Re: Spark vs Tez

2014-10-19 Thread Mohan Radhakrishnan
Is Tez's architecture similar to Akka's distributed architecture ? I think
I remember that Jonas boner mentioned during a presentation on distributed
computing about Akka's support for protocols like raft etc. What makes Tez
more scalable in this regard ?

Thanks,
Mohan

On Sun, Oct 19, 2014 at 5:26 PM, Niels Basjes ni...@basjes.nl wrote:

 Very interesting!
 What makes Tez more scalable than Spark?
 What architectural thing makes the difference?

 Niels Basjes
 On Oct 19, 2014 3:07 AM, Jeff Zhang zjf...@gmail.com wrote:

 Tez has a feature called pre-warm which will launch JVM before you use it
 and you can reuse the container afterwards. So it is also suitable for
 interactive queries and is more stable and scalable than spark IMO.

 On Sat, Oct 18, 2014 at 4:22 PM, Niels Basjes ni...@basjes.nl wrote:

 It is my understanding that one of the big differences between Tez and
 Spark is is that a Tez based query still has the startup overhead of
 starting JVMs on the Yarn cluster. Spark based queries are immediately
 executed on already running JVMs.

 So for interactive dashboards Spark seems more suitable.

 Did I understand correctly?

 Niels Basjes
 On Oct 17, 2014 8:30 PM, Gavin Yue yue.yuany...@gmail.com wrote:

 Spark and tez both make MR faster, this has no doubt.

 They also provide new features like DAG, which is quite important for
 interactive query processing.  From this perspective, you could view them
 as a wrapper around MR and try to handle the intermediary buffer(files)
 more efficiently.  It is a big pain in MR.

 Also they both try to use Memory as the buffer instead of only
 filesystems.   Spark has a concept RDD, which is quite interesting and also
 limited.



 On Fri, Oct 17, 2014 at 11:23 AM, Adaryl Bob Wakefield, MBA 
 adaryl.wakefi...@hotmail.com wrote:

   It was my understanding that Spark is faster batch processing. Tez
 is the new execution engine that replaces MapReduce and is also supposed 
 to
 speed up batch processing. Is that not correct?
 B.



  *From:* Shahab Yunus shahab.yu...@gmail.com
 *Sent:* Friday, October 17, 2014 1:12 PM
 *To:* user@hadoop.apache.org
 *Subject:* Re: Spark vs Tez

  What aspects of Tez and Spark are you comparing? They have different
 purposes and thus not directly comparable, as far as I understand.

 Regards,
 Shahab

 On Fri, Oct 17, 2014 at 2:06 PM, Adaryl Bob Wakefield, MBA 
 adaryl.wakefi...@hotmail.com wrote:

   Does anybody have any performance figures on how Spark stacks up
 against Tez?

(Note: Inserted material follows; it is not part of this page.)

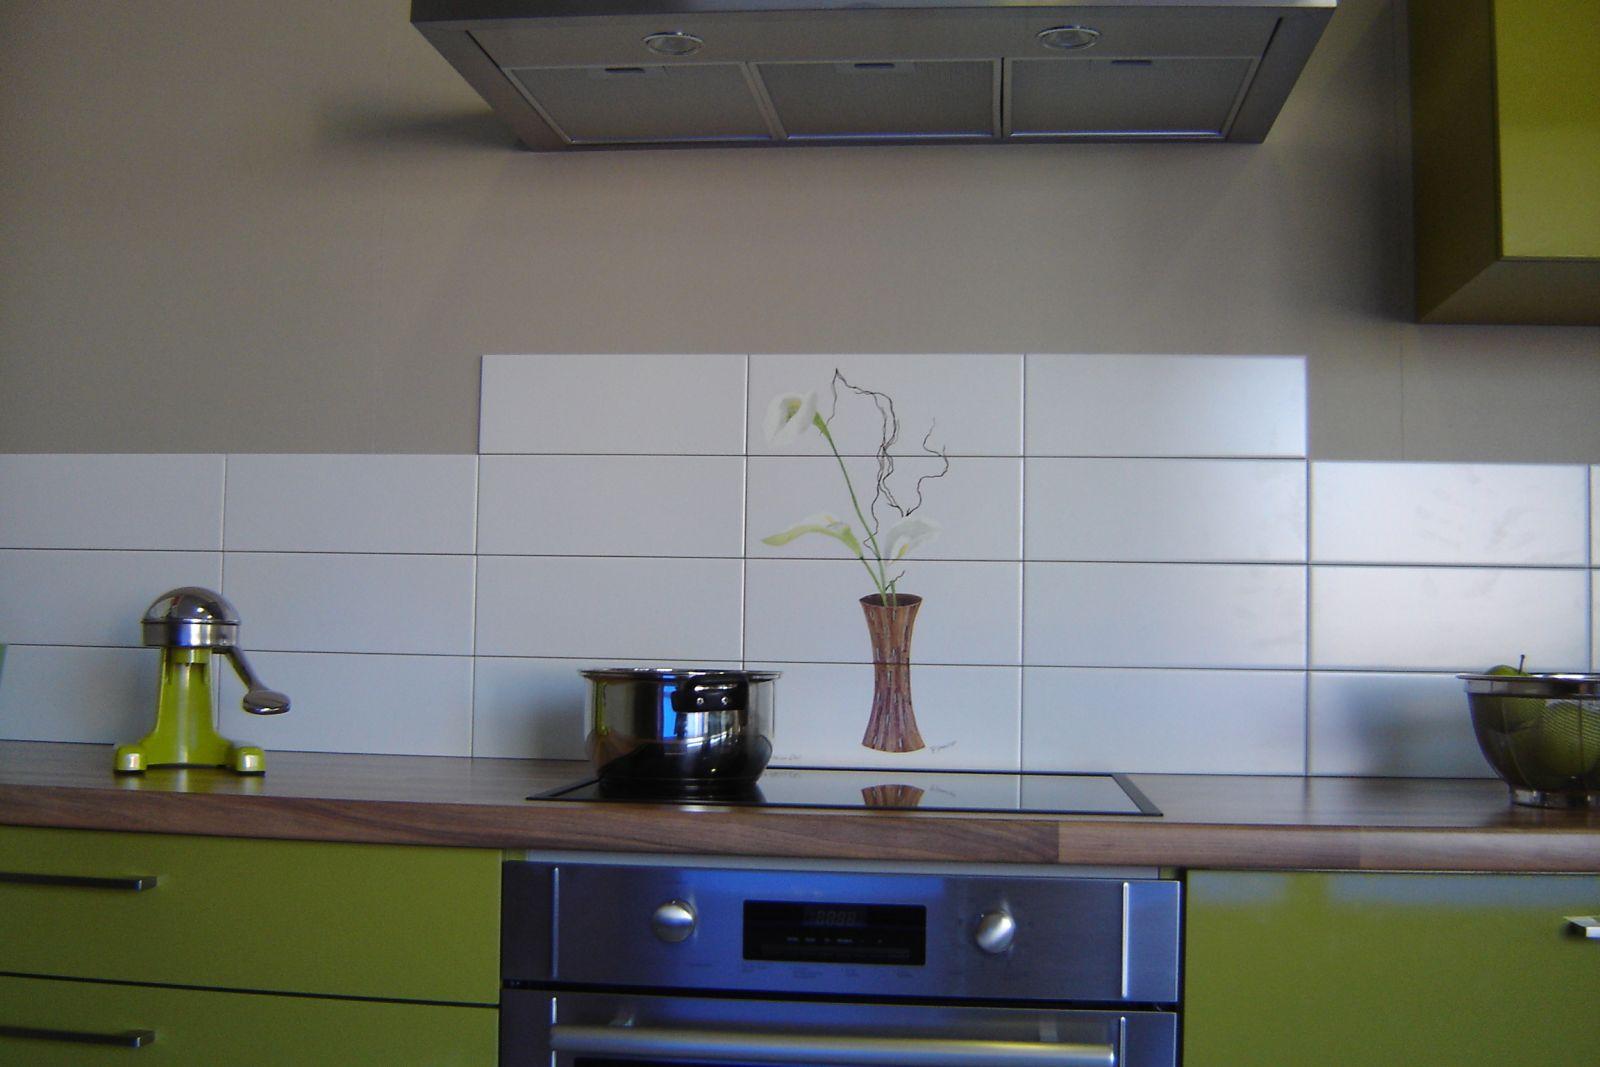 Faience Cuisine Moderne 2014 - Décoration de maison idées de design ...

If you don’t have figures, does anybody have an opinion? 
 Spark
 seems so popular but I’m not really seeing why.
 B.







 --
 Best Regards

 Jeff Zhang




Re: Spark vs Tez

2014-10-18 Thread Mohan Radhakrishnan
I remember Spark uses Akka clusters. Isn't that totally different from
other distributed technologies ?

Thanks,
Mohan

On Sat, Oct 18, 2014 at 1:52 PM, Niels Basjes ni...@basjes.nl wrote:

 It is my understanding that one of the big differences between Tez and
 Spark is is that a Tez based query still has the startup overhead of
 starting JVMs on the Yarn cluster. Spark based queries are immediately
 executed on already running JVMs.

 So for interactive dashboards Spark seems more suitable.

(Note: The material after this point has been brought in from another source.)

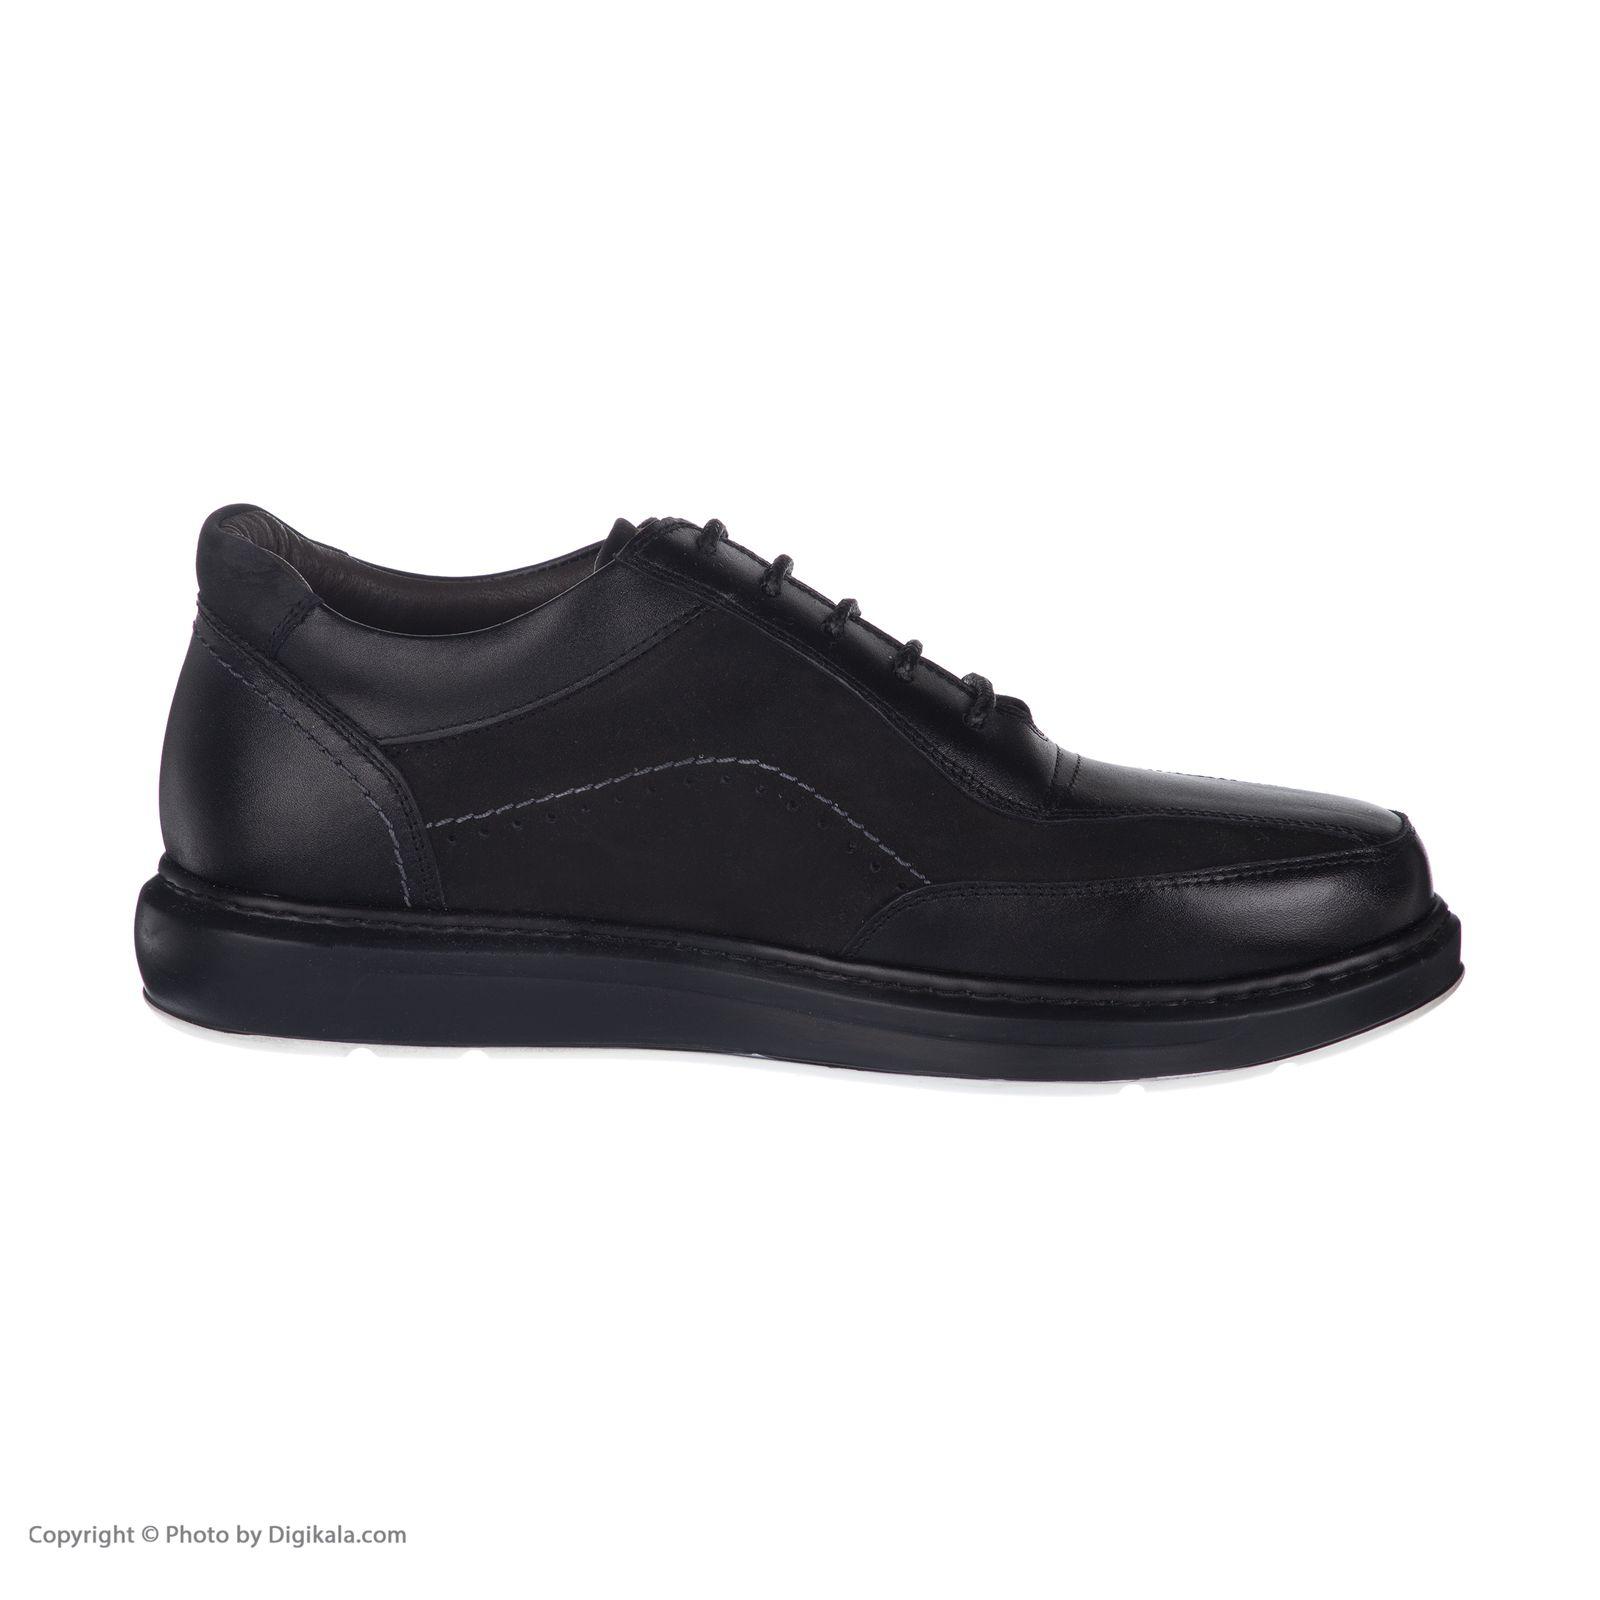 کفش روزمره مردانه دانادل مدل 8602A503101 -  - 4

 Did I understand correctly?

 Niels Basjes
 On Oct 17, 2014 8:30 PM, Gavin Yue yue.yuany...@gmail.com wrote:

 Spark and tez both make MR faster, this has no doubt.

 They also provide new features like DAG, which is quite important for
 interactive query processing.  From this perspective, you could view them
 as a wrapper around MR and try to handle the intermediary buffer(files)
 more efficiently.  It is a big pain in MR.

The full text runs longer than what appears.